The analysis pipeline created for this project—including the use of CoralNet automated classifiers, purpose-built computer programs, data collection and management practices, and overall workflow—can be applied to continued surveys at Carrie Bow Cay and other reefs. This project serves as a proof of concept for further larger-scale reef monitoring programs in the Caribbean and beyond. Moving forward, this pipeline could be fully automated using CoralNet’s public API, released in early 202053. Images could be sorted, prepared, and analyzed with limited or no human intervention, thereby enabling analysis of even larger data sets and development of larger, more ambitious monitoring projects that will improve the conservation and management of coral reefs. While we resolved to the functional group level (e.g., stony corals, macroalgae, etc.), future refinements to the algorithm and improvements in computing power will likely extend classifications to the species-level.

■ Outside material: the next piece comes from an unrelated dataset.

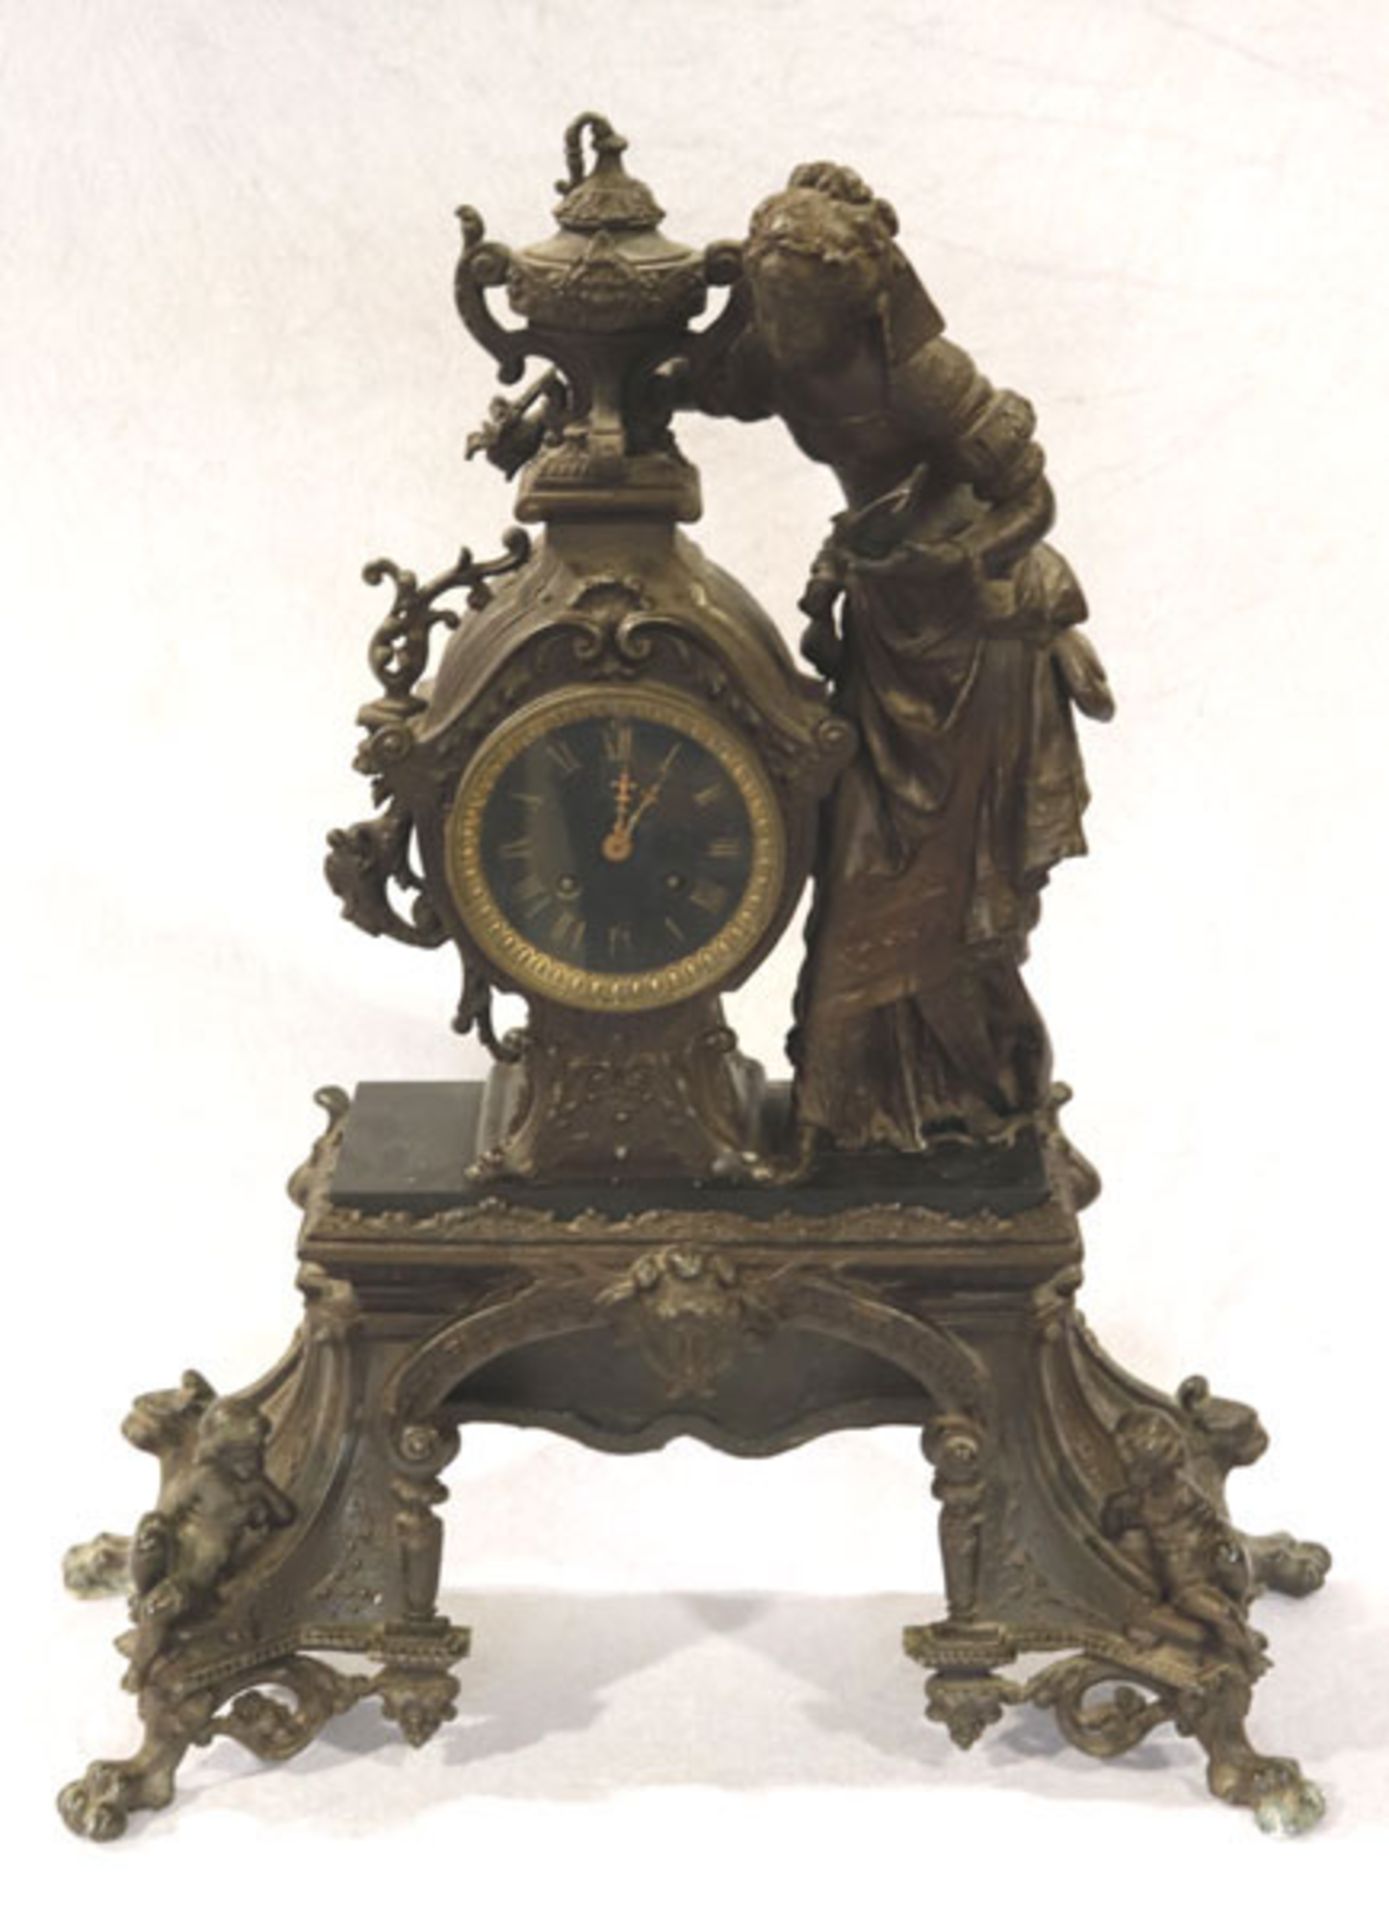 Metall Kaminuhr um 1870/80 mit figürlicher Darstellung einer Frau mit Taube und Pokal, 2
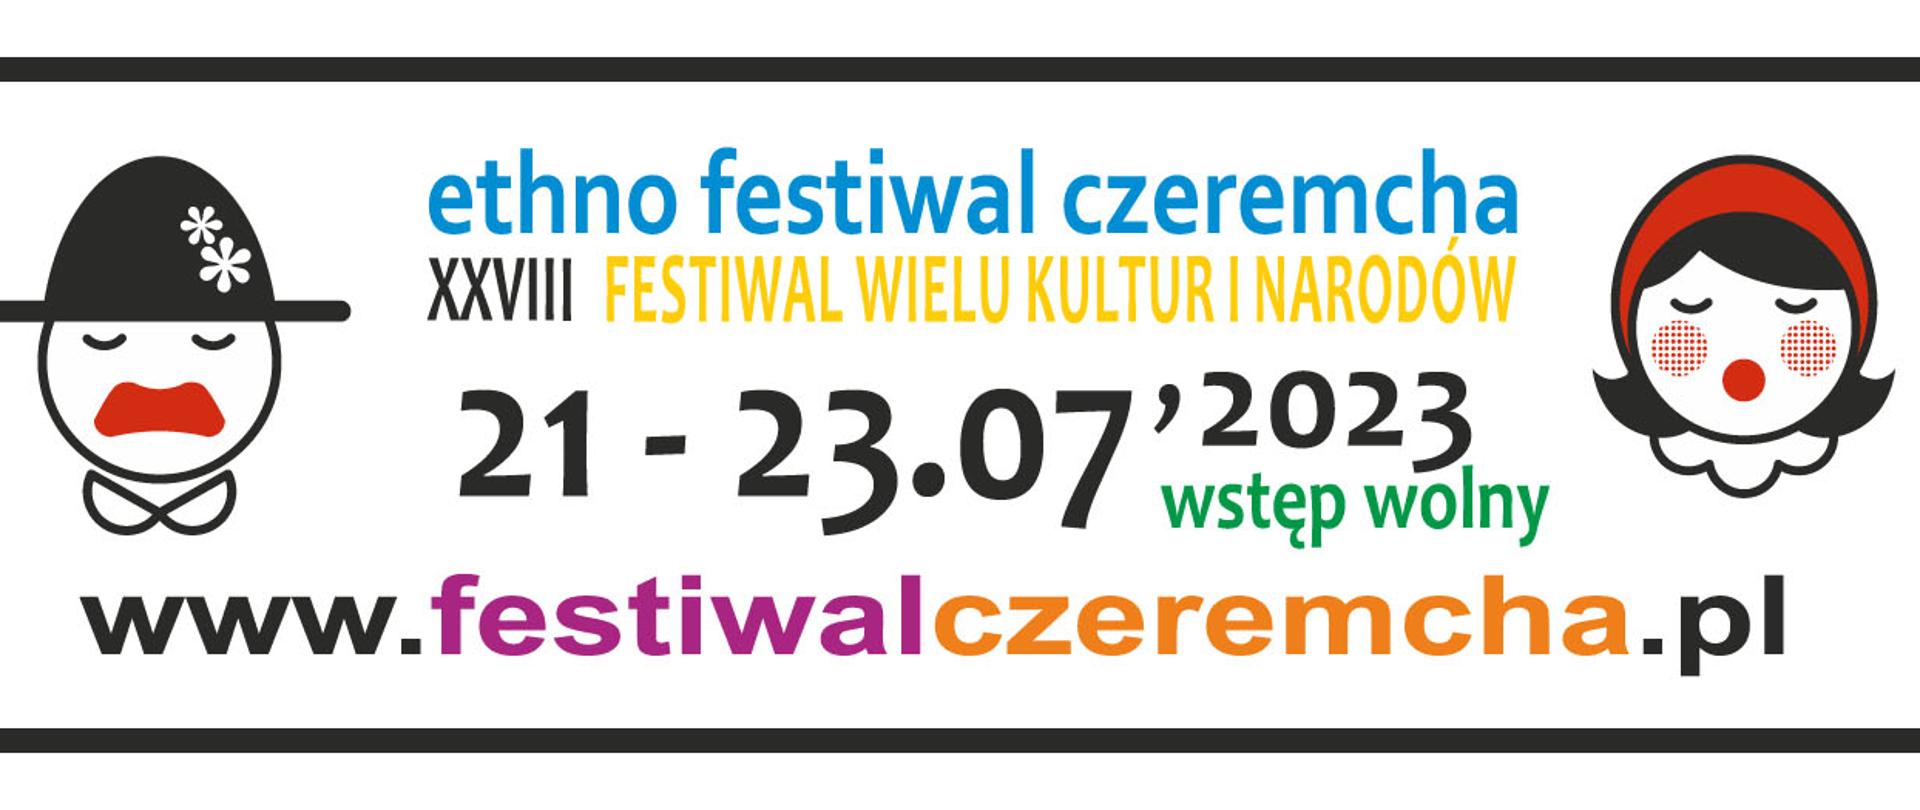 ethno festiwal Czeremcha 21023.07.2023 wstęp wolny. www.festiwalczeremcha.pl

One potential source of error in our survey is the mixing of fixed vs. random transects: two sites used fixed transects (CBC Reef Central and South Reef Central, both forereef sites) while the remaining four varied the position of the transects slightly year-to-year to accommodate local conditions on the day of the survey. While an ideal survey design would implement totally fixed transects to increase precision and therefore increase the chances of capturing small scale changes, we believe our results are generally robust for a few reasons. First, the two fixed transects are on forereef sites where stony coral recovery is notably higher from 2014 to 2019: + 176% for South Reef Central and + 243% for CBC Reef Central. Second, we witnessed an incredible increase in stony coral cover at Tobacco Reef, also a forereef site: + 5100% since 2014, a consequence of transitioning from almost no coral cover (< 0.01%) in 2014 to a substantial cover of primarily A. cervicornis by 2019 (15.6%). This observation—while potentially due to shifting the transect on the scale of a few meters, although unlikely given the magnitude of the percent change—also agrees with anecdotal observations from researchers who have been working in the region for many years to decades, and further aligns with regional recovery recently reported in Mumby et al.44.

Despite our findings of a doubling in primarily forereef coral cover over 5 years, Caribbean corals continue to face threats that imperil their recovery and long-term prospects. Warming, ocean acidification, hurricanes, and overfishing continue to be prominent threats to reef health in the region38. Of particular and growing importance is the stony coral tissue loss disease, which originated in Florida54 and continues to expand south through Mexico55, Puerto Rico56, and Turks and Caicos57. Stony coral tissue loss disease was confirmed in northern Belize by the country’s national Fisheries Department in 2019 and has now reached central Belize in 2021 (pers. comm.).When the disease reaches Carrie Bow Cay, it will surely alter the trends reported here, as this disease has been linked to massive die-offs in Florida and Mexico55,58. The imaging analysis pipeline described here will streamline continued coral reef monitoring that is crucial for both charting the future trajectory of corals at Carrie Bow Cay and recognizing the first instances of novel impacts such as stony coral tissue loss disease.